*EXERCISE PROMPT*
Starting at the line that contains "Impact of an", write out each line exactly through the last one in the material below, and nothing more; omit all pictures.

*SOURCE DATA*
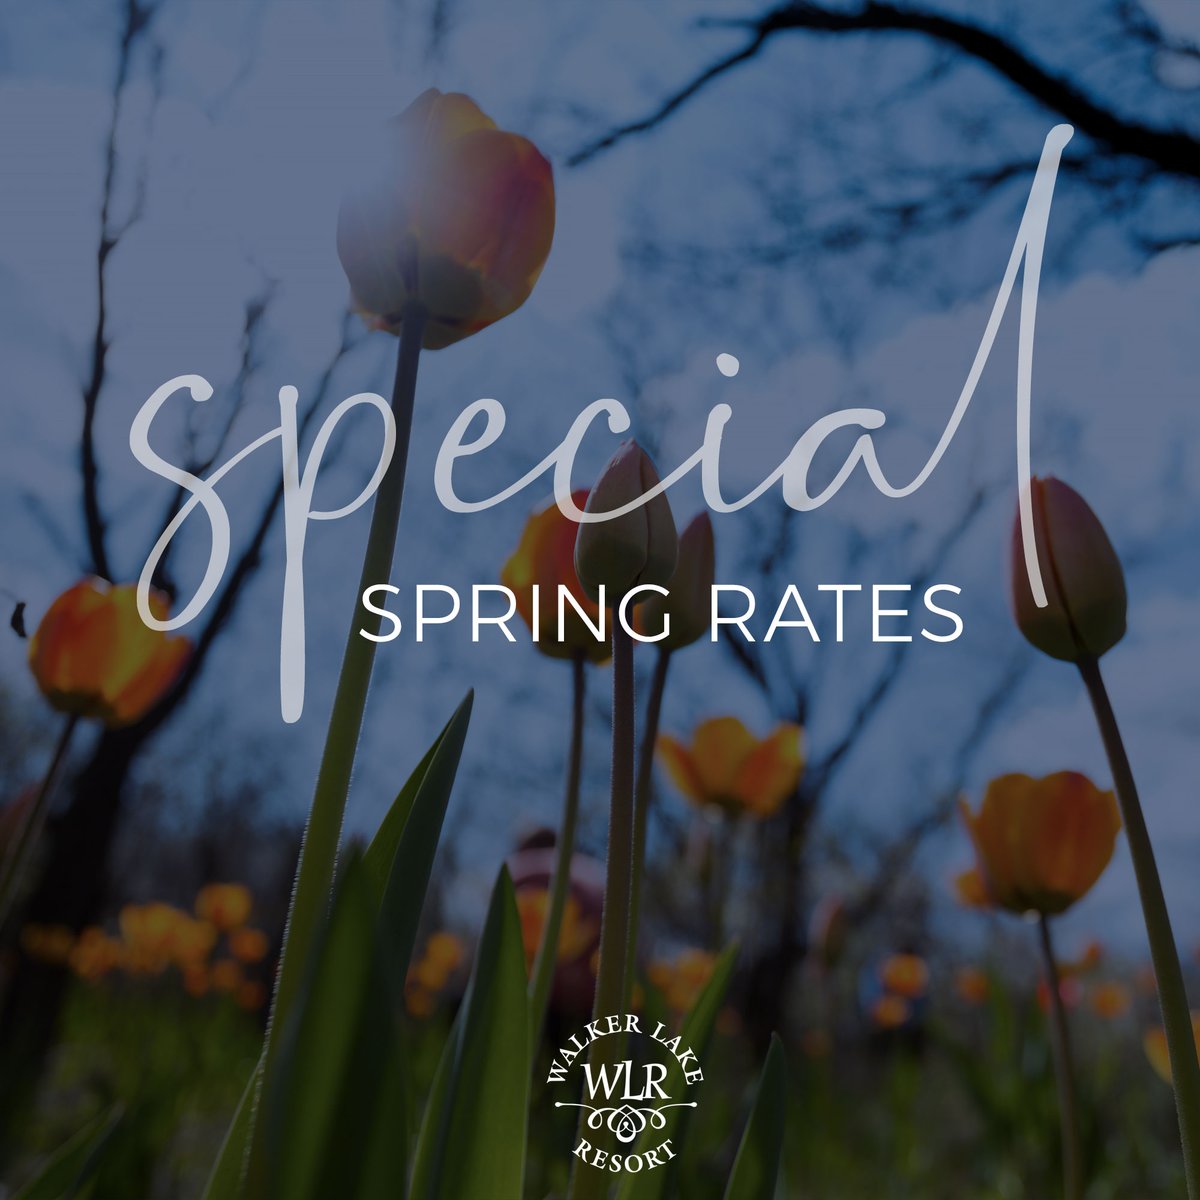 For a limited time we are offering SPECIAL SPRING RATES on bookings throughout May and June (while availability lasts). Find out more > info@walkerlakeresort.com #springtime #springishere #springrates #walkerlakeresort #muskoka #walkerlake #huntsvilleontario
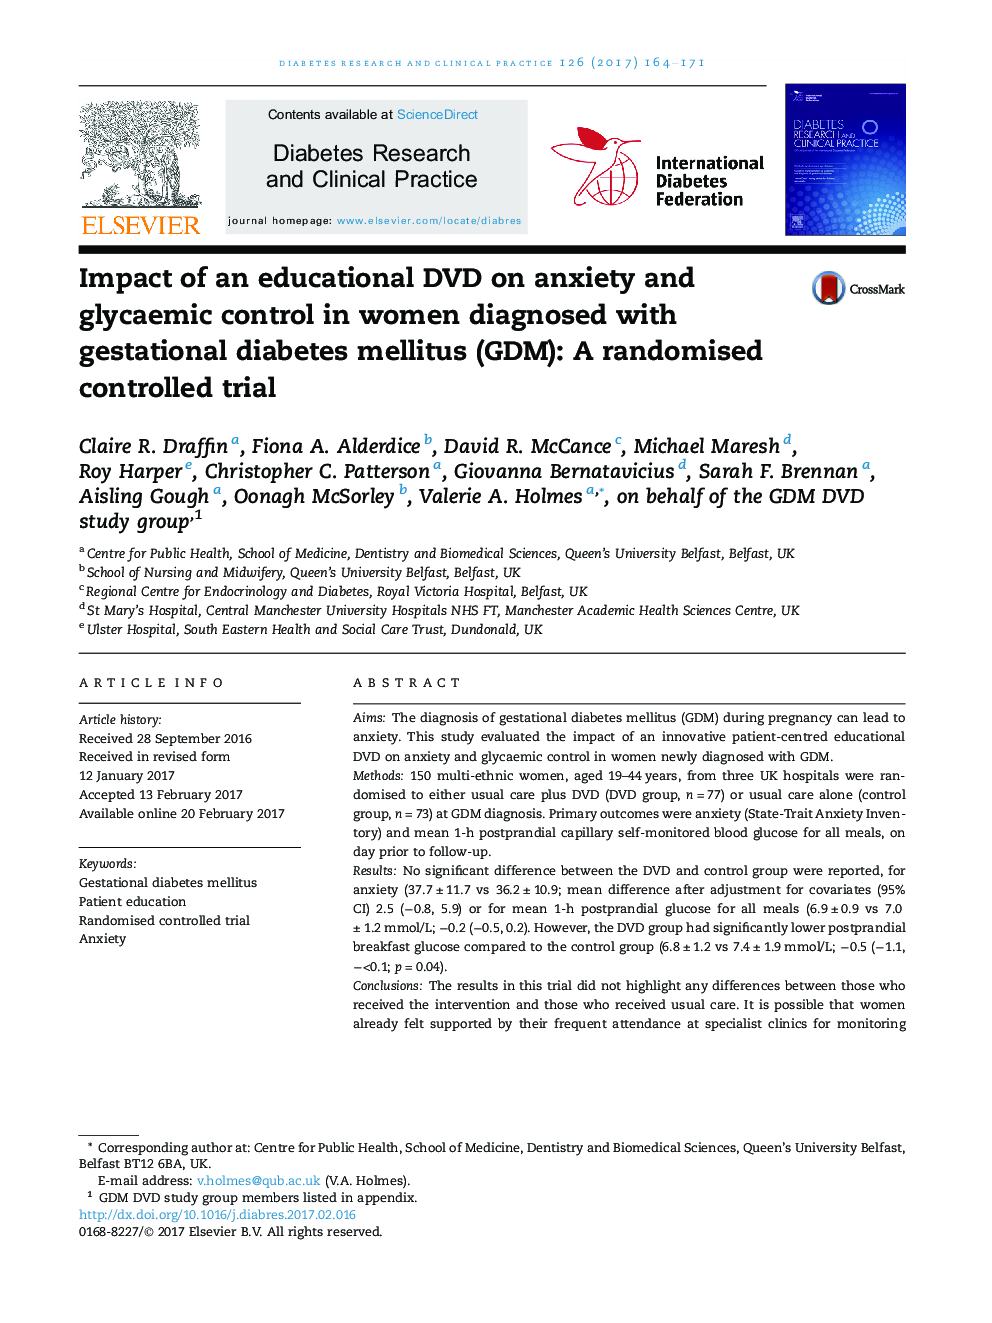 Impact of an educational DVD on anxiety and glycaemic control in women diagnosed with gestational diabetes mellitus (GDM): A randomised controlled trial
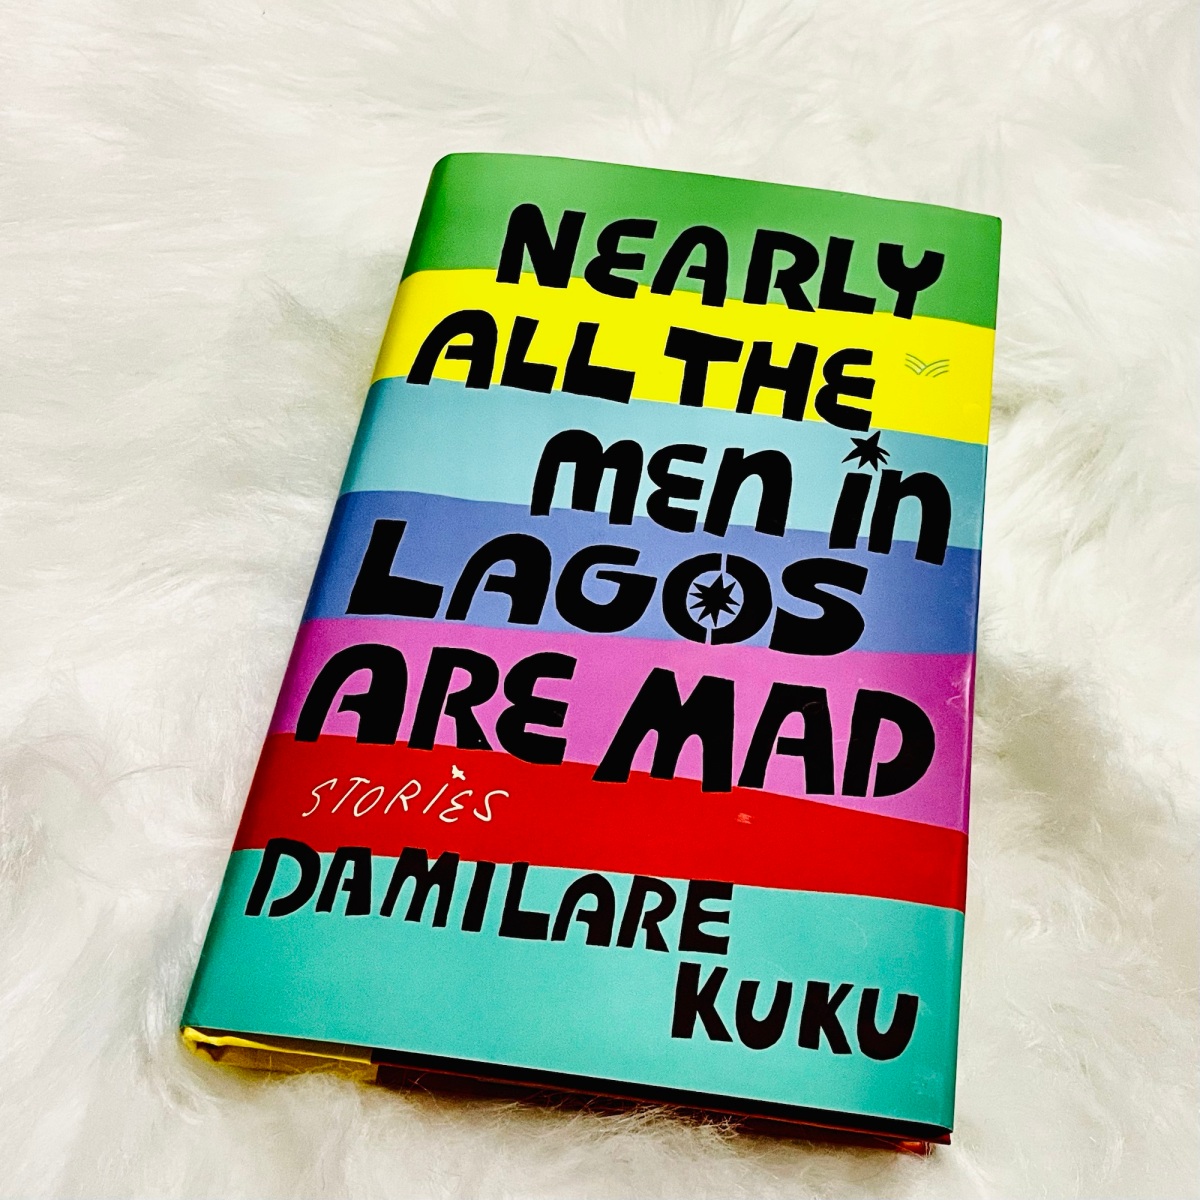 About the Men in Lagos
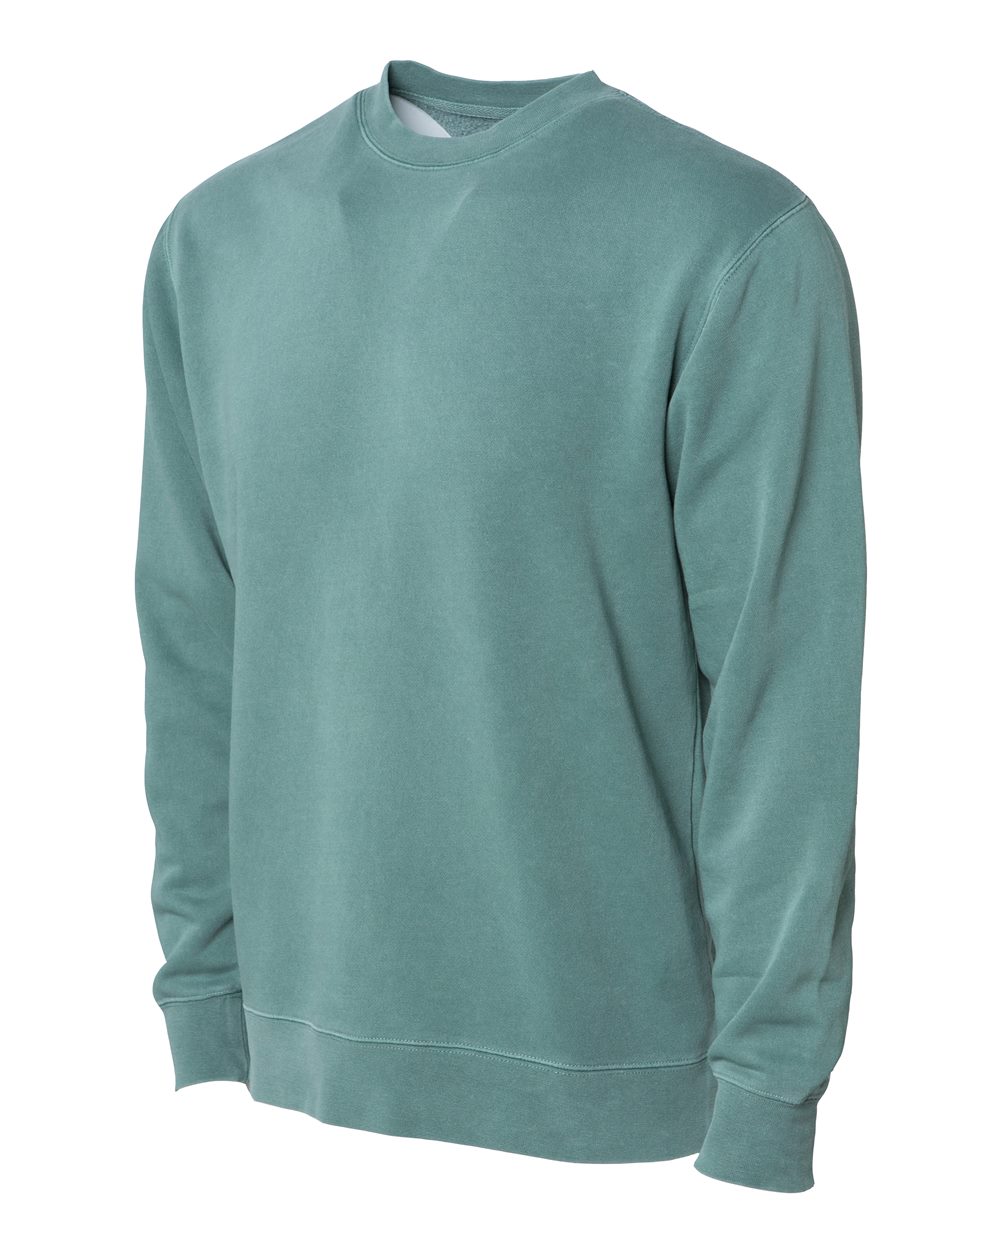 Independent Trading Co. PRM3500 Unisex Pigment Dyed Crew Neck

*ANSWER BOX*
 Impact of an educational DVD on anxiety and glycaemic control in women diagnosed with gestational diabetes mellitus (GDM): A randomised controlled trial
 About the Men in Lagos
 Independent Trading Co. PRM3500 Unisex Pigment Dyed Crew Neck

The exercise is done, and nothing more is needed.